Posted on September 8, 2011 at 6:09 pm

Imagine if Rocky, instead of fighting Apollo Creed, got into the ring with another Rocky.  And they were brothers.

I know, I know, but somehow it works in a surprisingly affecting story of the sons of an abusive alcoholic who have not seen each other since they were teenagers and end up fighting each other for a mixed martial arts championship title.

That’s the magic of movies.  Somehow, they can take a story of a welder who does post-modern dance numbers in a Pittsburgh bar and dreams of being a ballerina or cartoon characters are live in old-time Hollywood and feel real-er than real life.  As cheesy as this movie gets, it keeps raising the emotional stakes over and over again until we just tap out and go with it, largely because of full-hearted, powerhouse performances from Tom Hardy and Joel Edgerton.

Tommy (Hardy) comes home.  He’s been away a long time.  His father, Paddy (Nick Nolte) is glad to see him, but Tommy says he wants to deal with his father only as a trainer.  He has no interest in catching up or mending their estrangement.  He just has one goal, to win a $5 million mixed martial arts championship.

Brendan (Edgerton) has a good life as a high school science teacher with a family.  His wife says, “I thought we agreed that we weren’t going to raise our children in a house were their father gets beat up for a living.”  But paying for his daughter’s health care has put the family at risk of losing the house.  He needs a lot of money fast and the only way he knows to get it is to win the mixed martial arts championship.  He goes into training with an old friend.  Cue the montages.

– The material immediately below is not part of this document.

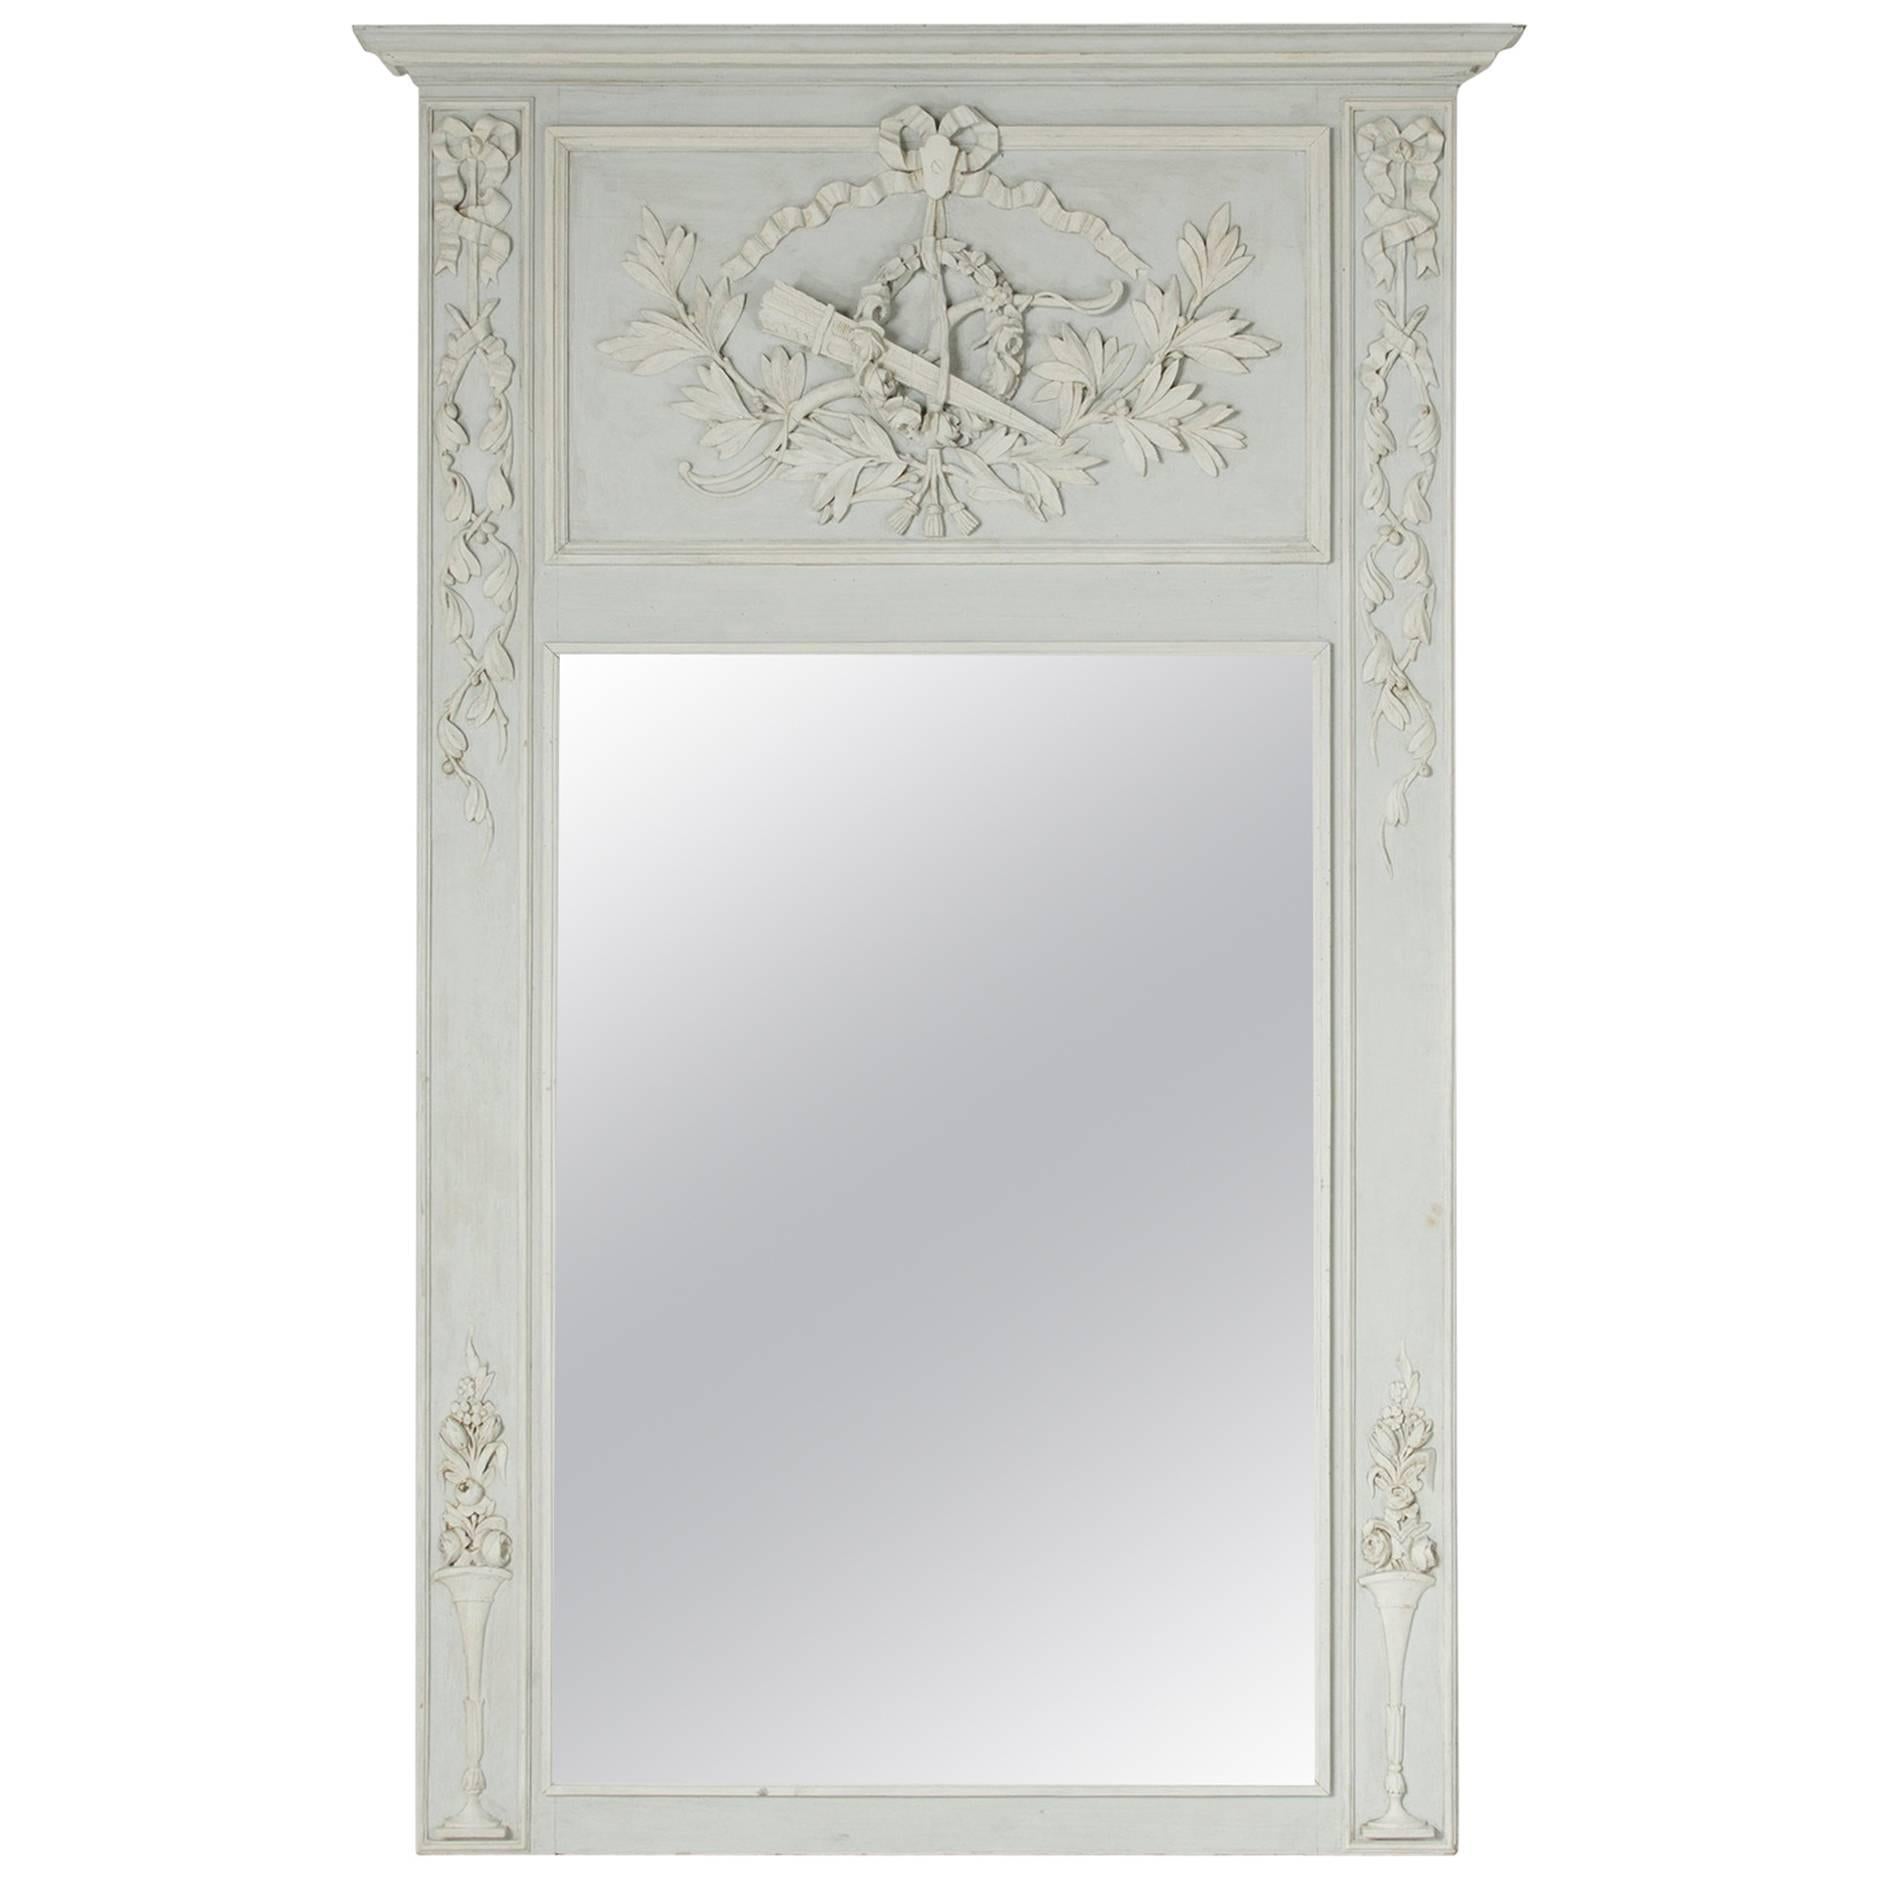 Grand 19th Century Carved and Painted Louis XVI Style Trumeau or Mantel Mirror

The script by writer/director Gavin O’Connor (“Miracle”) is as corny as an “up close and personal” Olympics athlete profiles, but as effective, too.  Every time you think you’ve made up your mind who to root for, it switches around on you, and then switches around again.  The fight scenes are powerful, but in large part due to the emotional weight given to Tommy and Brendan by Hardy and Edgerton.  The final bout, well, its a knock-out.